2024-08-06 –, Firenze
According to the World Economics Forum annual report “Approximately half of executives say that advances in adversarial capabilities (phishing, malware, deep fakes) present the most concerning impact of generative AI on cyber”. It is already a fact that the world is already entering, if not inside, the AI bubble and facing this reality as soon as possible will help companies be better prepared for the future. However, with the velocity required to implement AI and surf into this new technology the risks involved may be put behind to give place to velocity. Based on this scenario this talk is designed to explore the adversarial attacks applied to ML systems and present the results of research made observing cybersecurity communities focused on sharing AI Jailbreaks and how those behave when applied to the most used AIs in the market.
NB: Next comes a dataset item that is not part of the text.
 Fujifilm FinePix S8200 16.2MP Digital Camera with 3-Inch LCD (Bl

Growing up listening to the power of AI and having in mind that there is no fully secure system in the world I was always triggered by the question: “But, what if someone breaks it?”. During college, when I had an opportunity to do a winter camp in San Francisco to visit some companies, including Tesla, this question gained a new view during a talk with one of the major AI engineers of the company. And if someone hacked the Tesla AI system?
Those questions are a constant in my mind. It was always clear to me that even being fascinated with the power of AI technology, the impact of someone hacking it could be immensurable to society. How could we trust a self-driving car without ensuring its AI algorithm safety?
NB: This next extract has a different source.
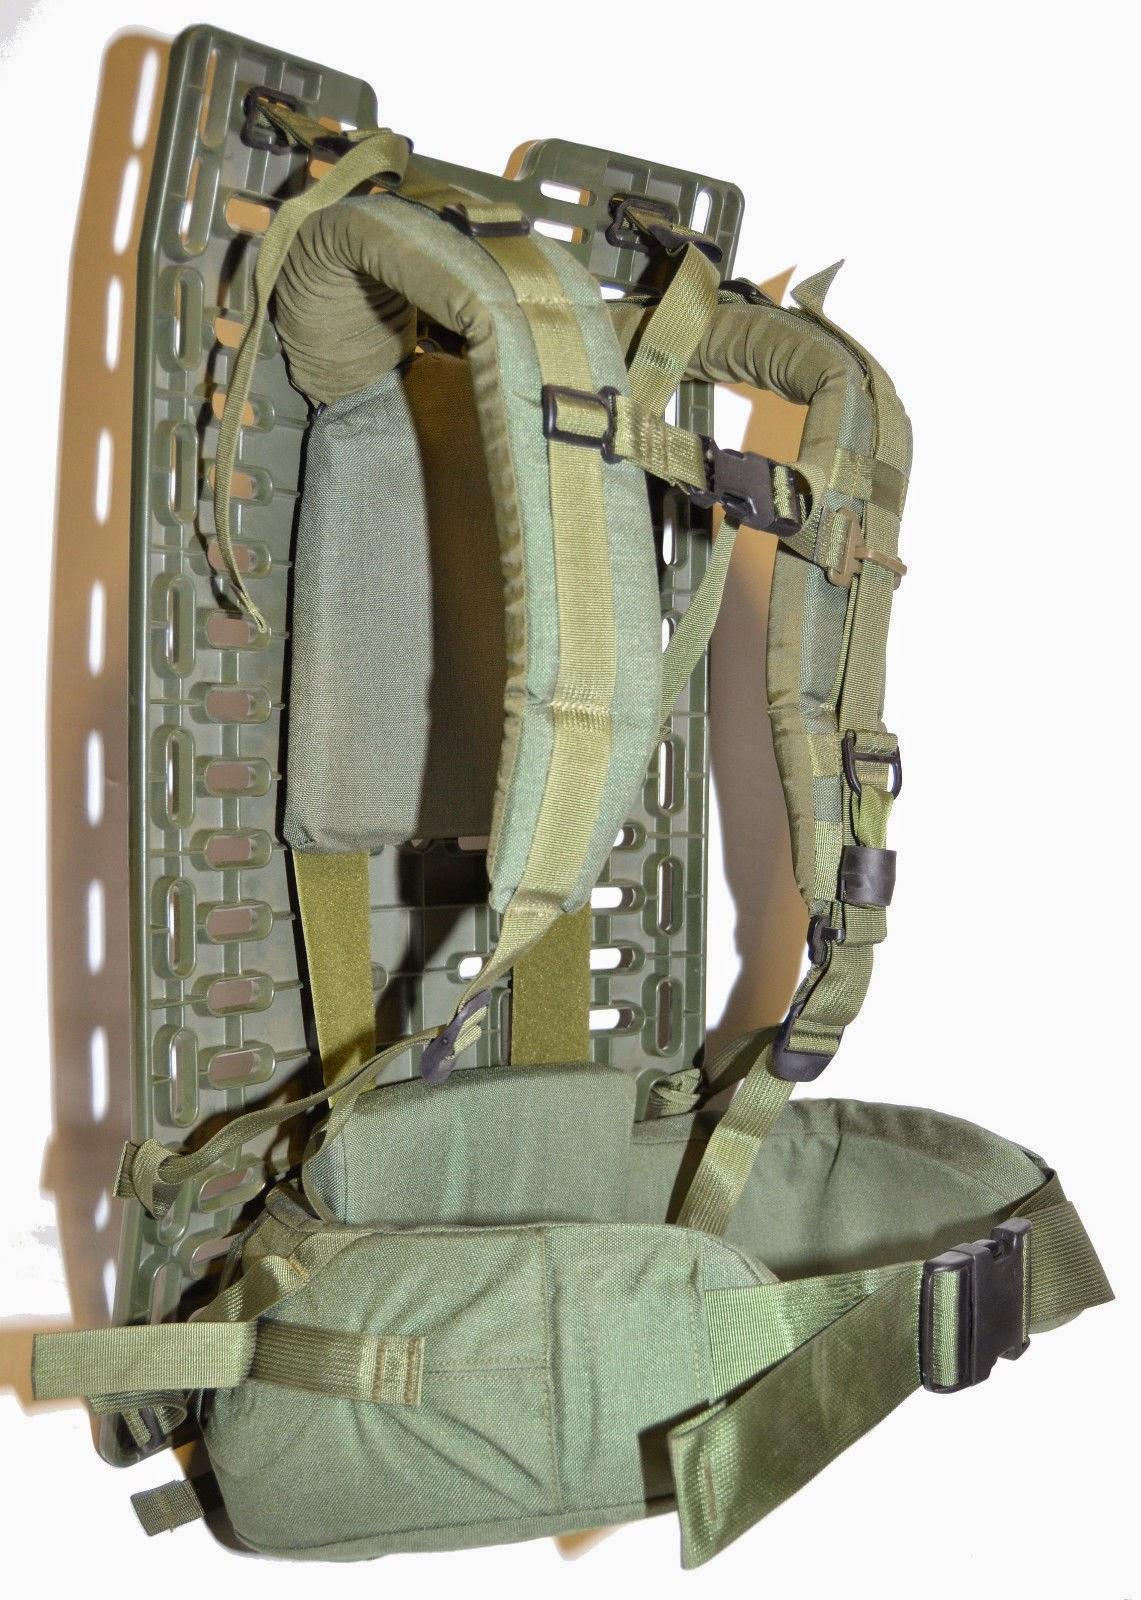 Webbingbabel Canadian Army Rucksack Cargo Pack Pack

More recently, with the popularization of AI and a better understanding of how it works, those ideas turned into personal research about how it would be possible to use the hacker mentality to confuse the system that everyone knows is almost superior to human intelligence. Studying counter-adversary ML attacks and looking for Jailbreaks I could find forums focused on that and better understand easy ways to trick some AIs.
This talk was designed to explore those techniques and how those forums work to share the most recent Jailbreakers discovered on the most used AIs in the Market, consequently making products vulnerable to explorations.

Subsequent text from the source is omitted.